COLLECTED DATA:
# # #
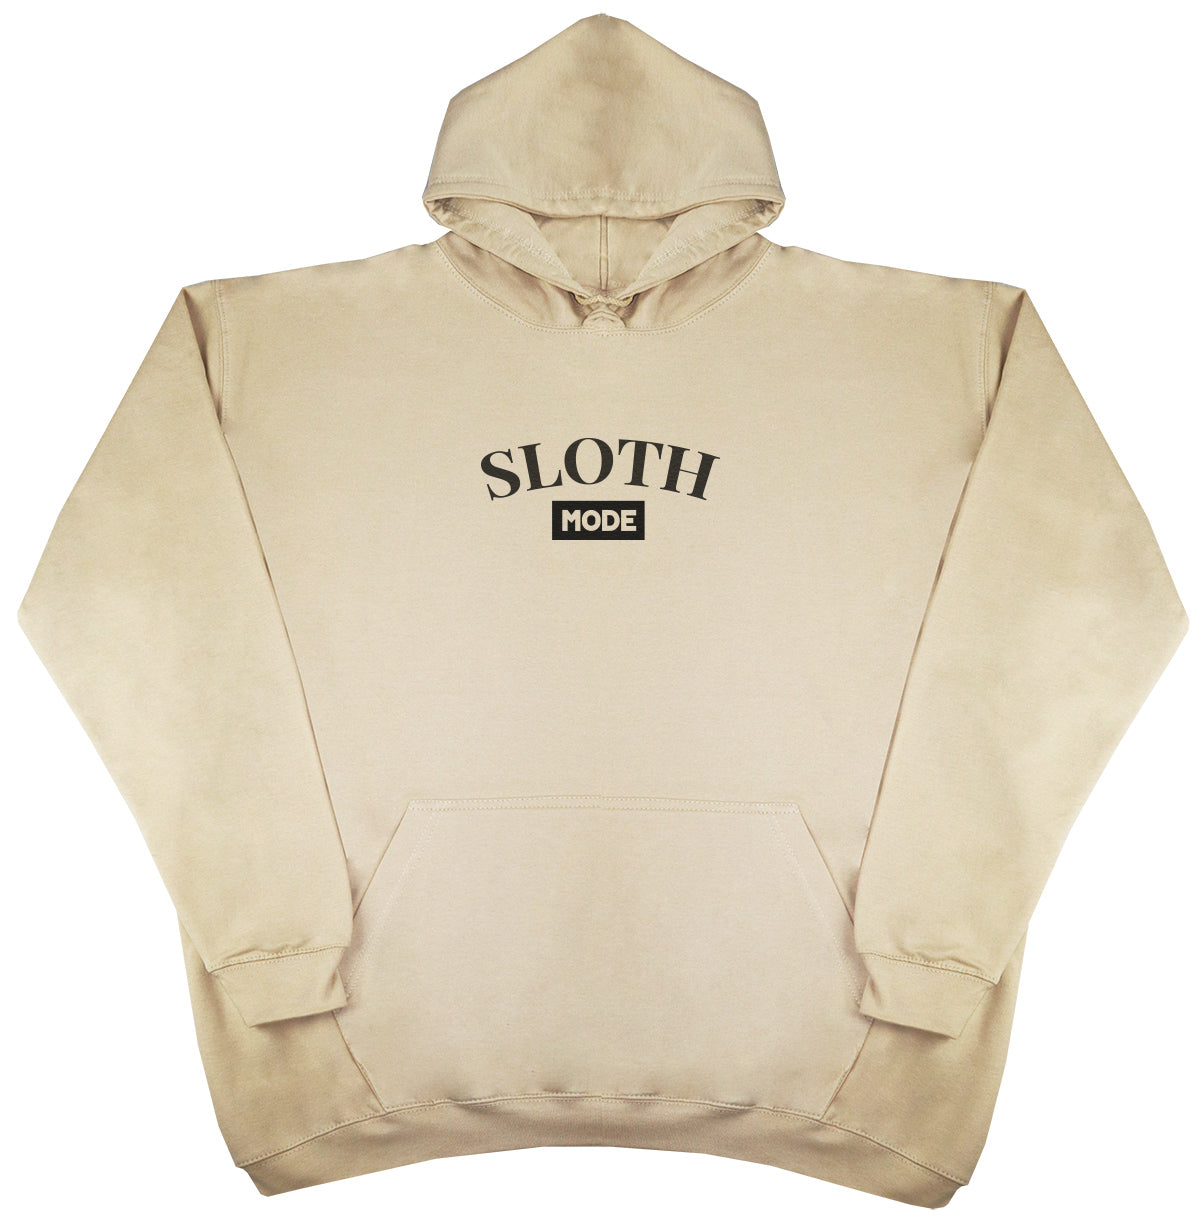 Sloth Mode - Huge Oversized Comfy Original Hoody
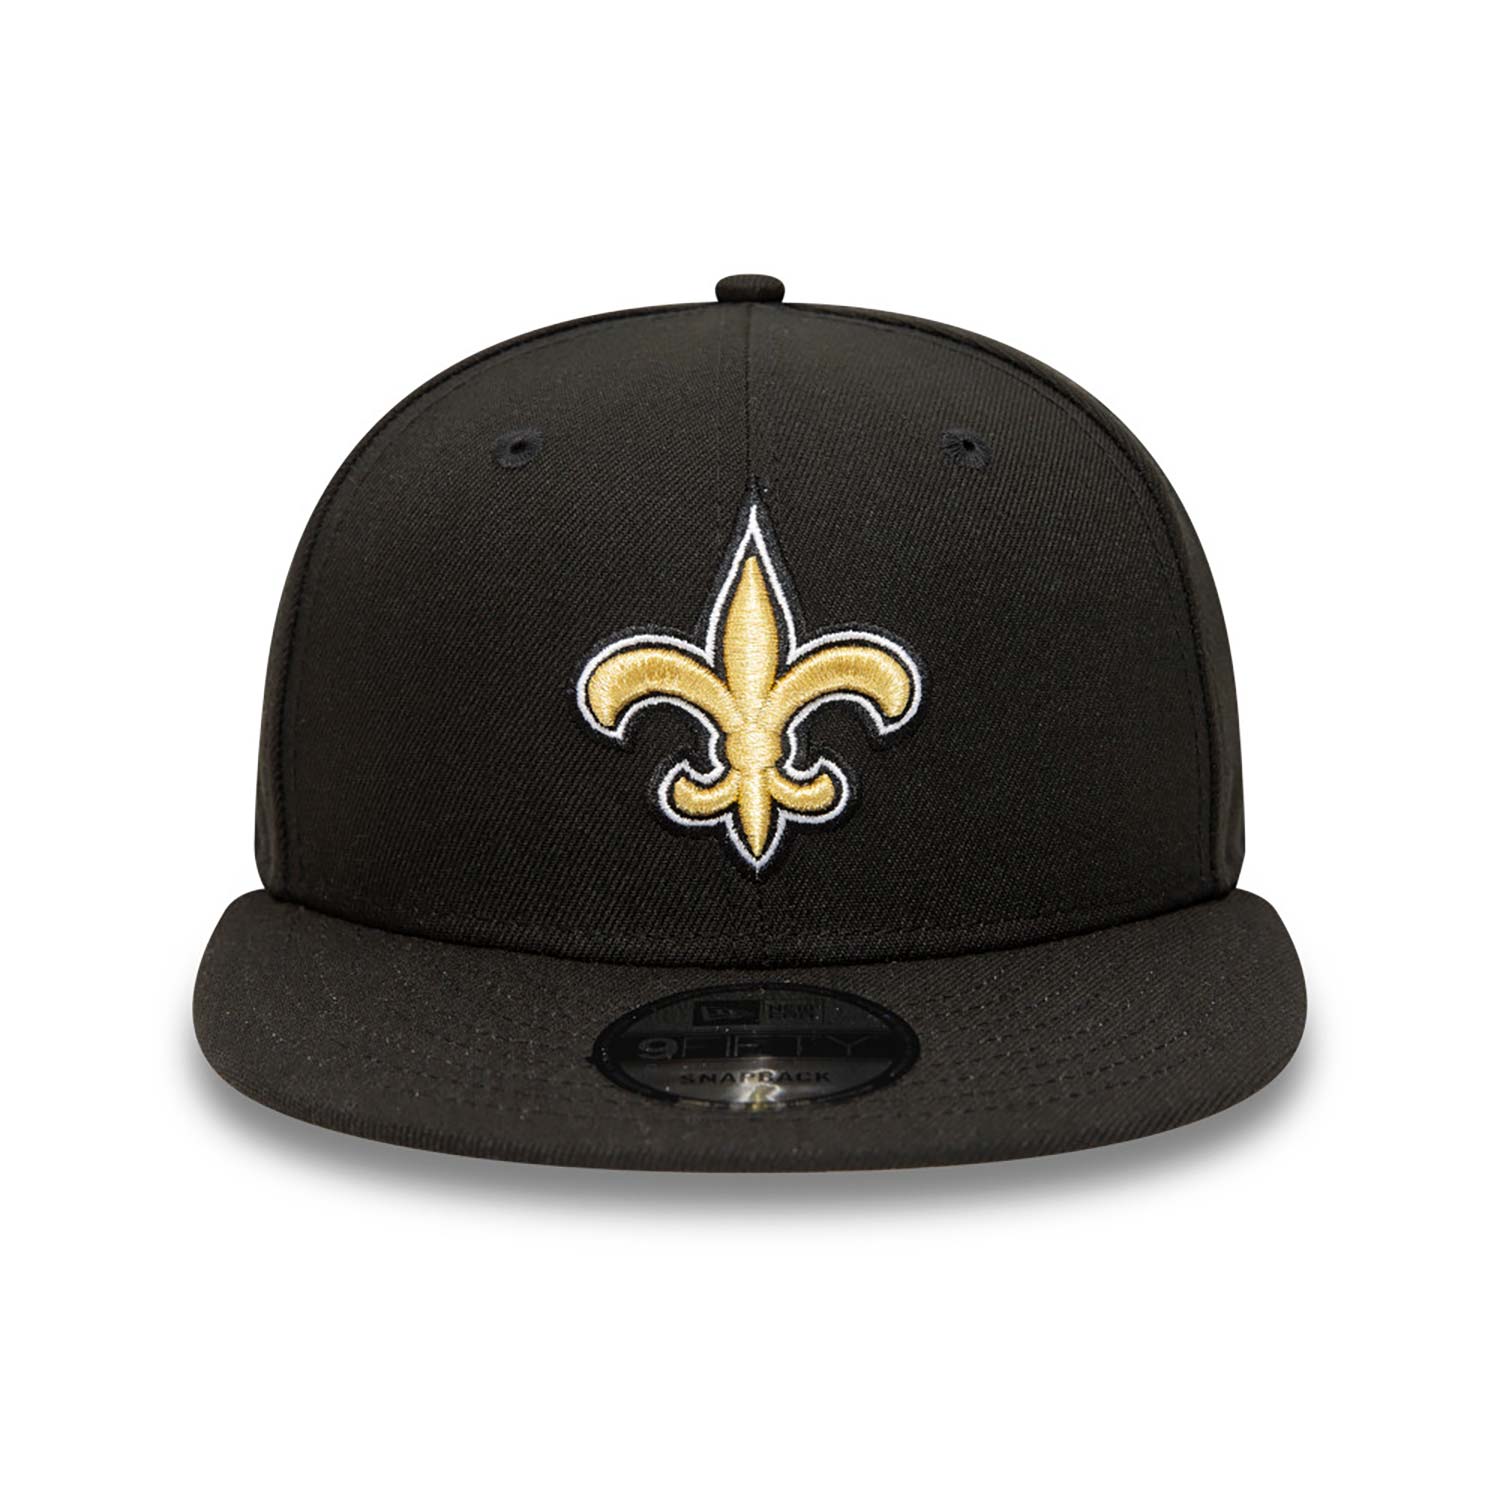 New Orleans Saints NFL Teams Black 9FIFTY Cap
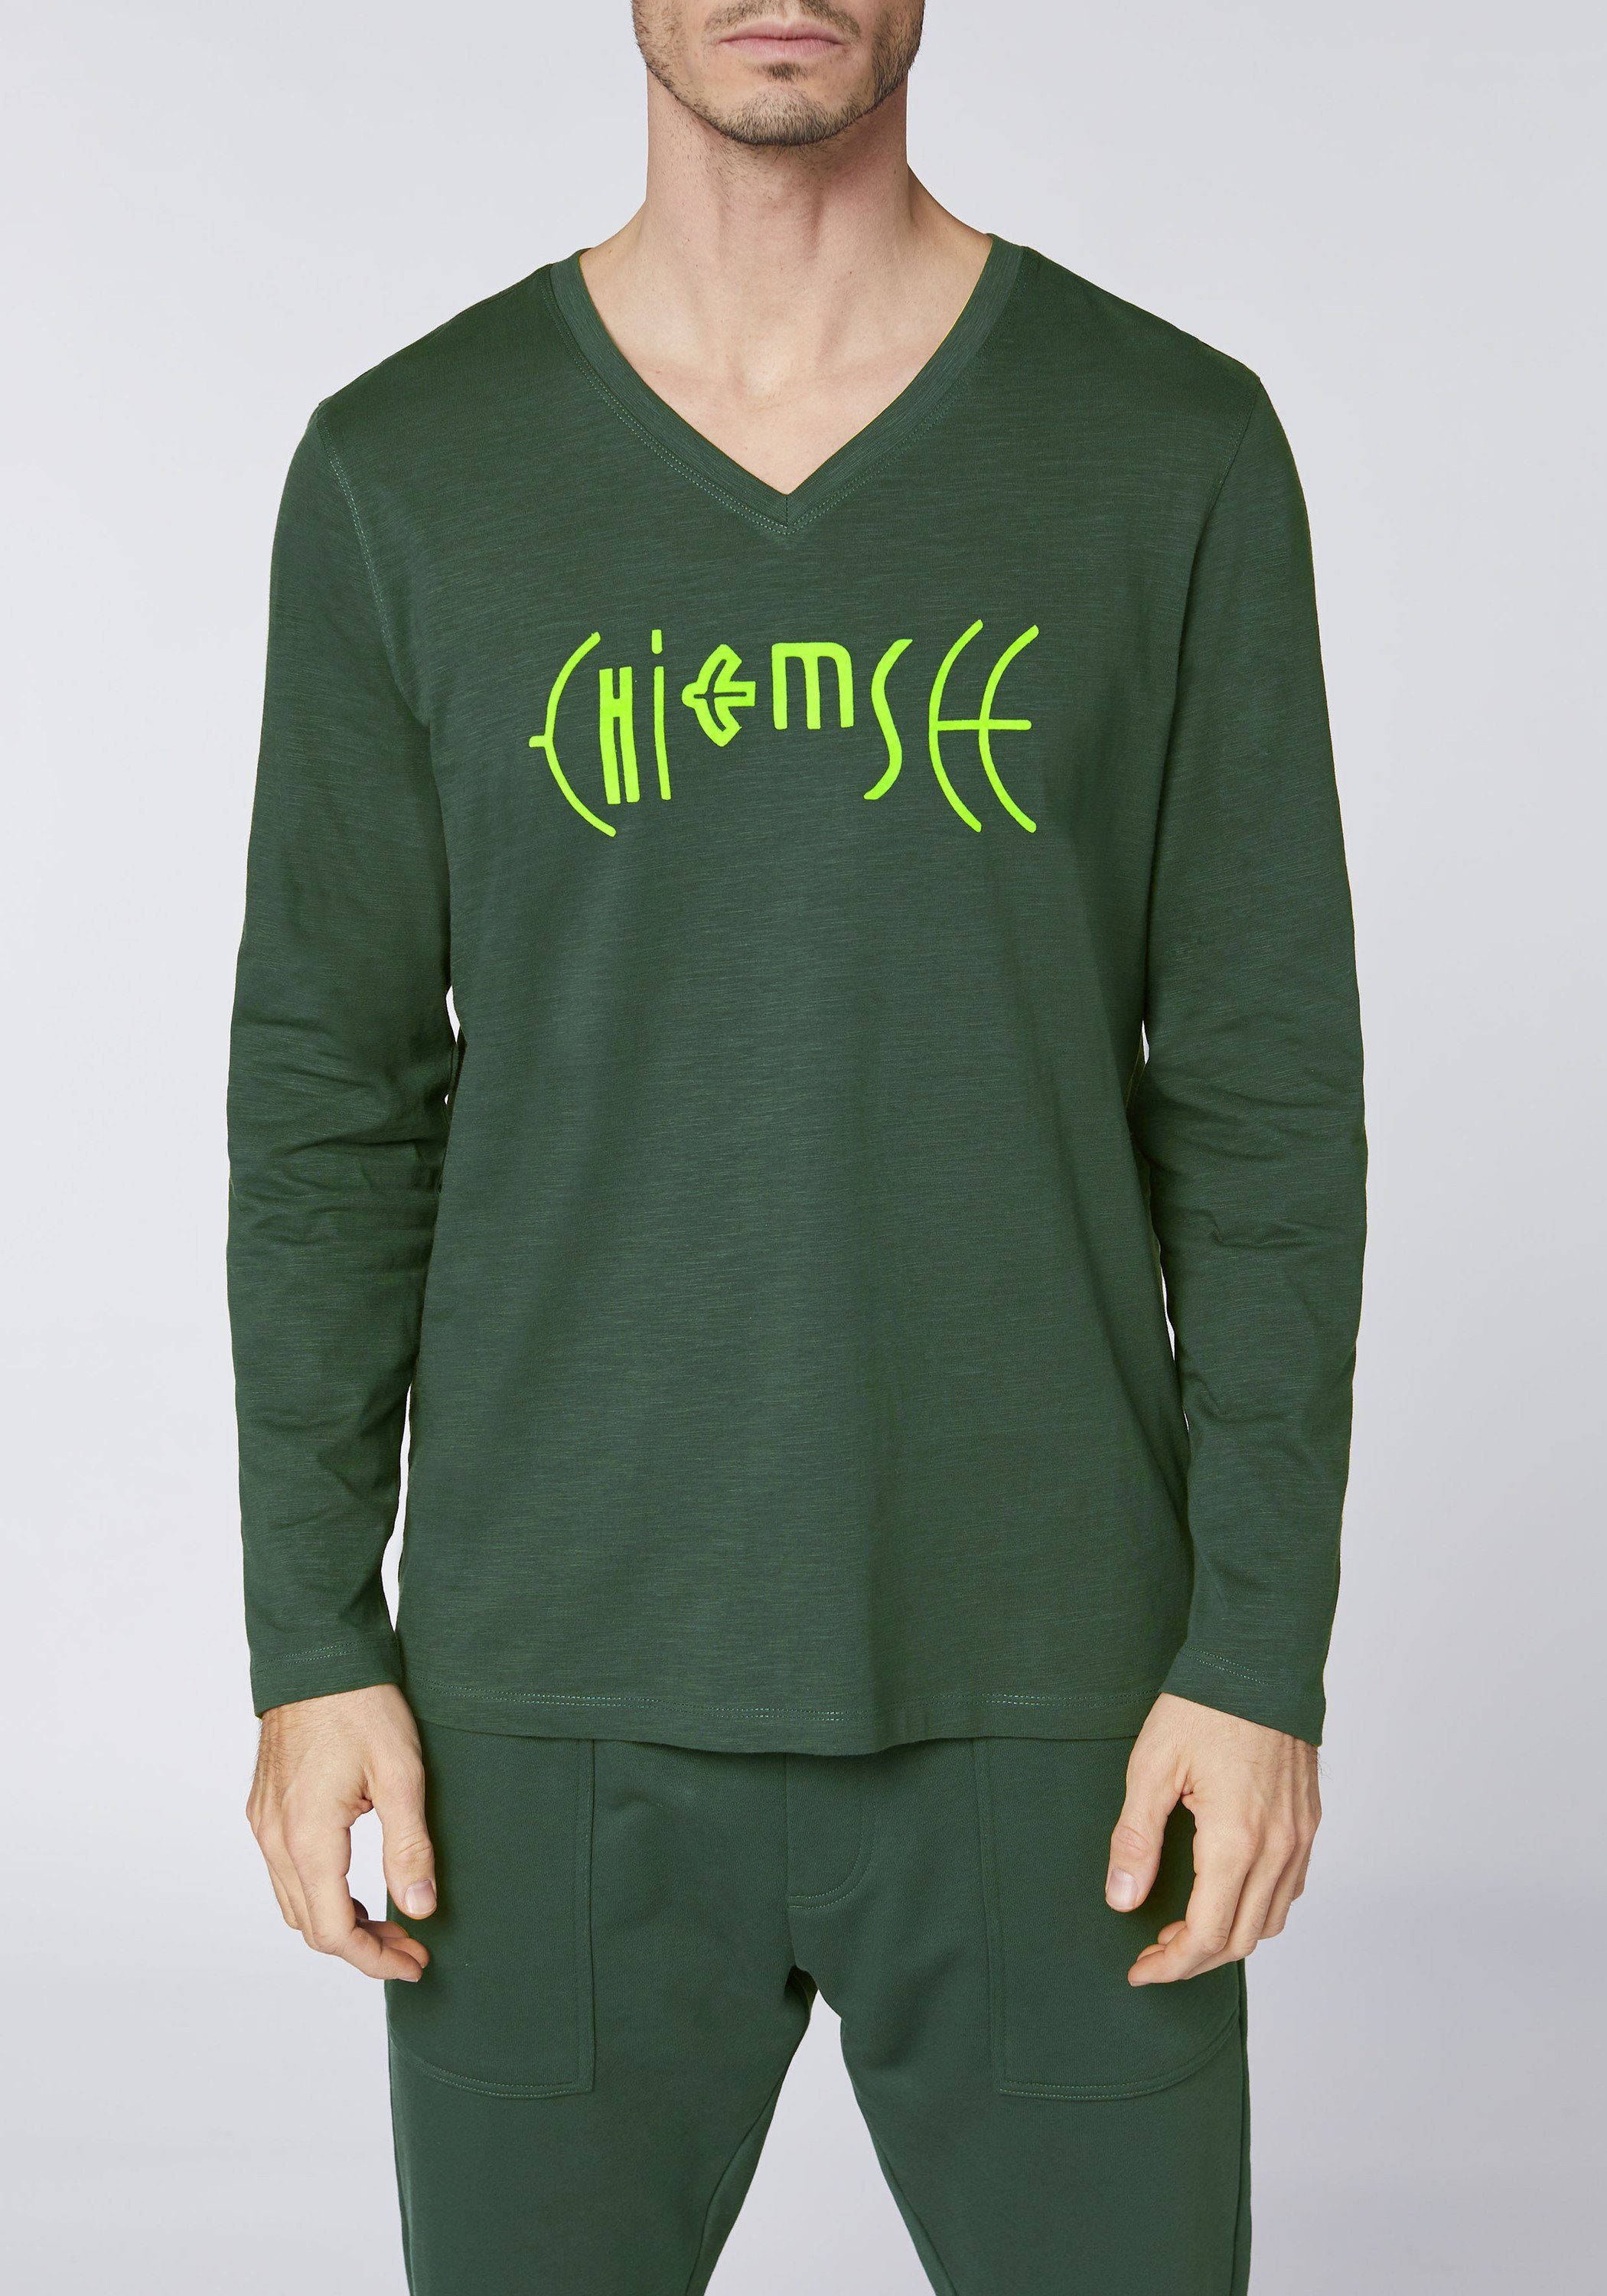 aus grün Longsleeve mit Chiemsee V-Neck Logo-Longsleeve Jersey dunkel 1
# # #
WORK TO BE COMPLETED:
Reproduce the listing word for word and omit its pictures.

SOLUTION TO THIS PROBLEM:
 Sloth Mode - Huge Oversized Comfy Original Hoody
 New Orleans Saints NFL Teams Black 9FIFTY Cap
 aus grün Longsleeve mit Chiemsee V-Neck Logo-Longsleeve Jersey dunkel 1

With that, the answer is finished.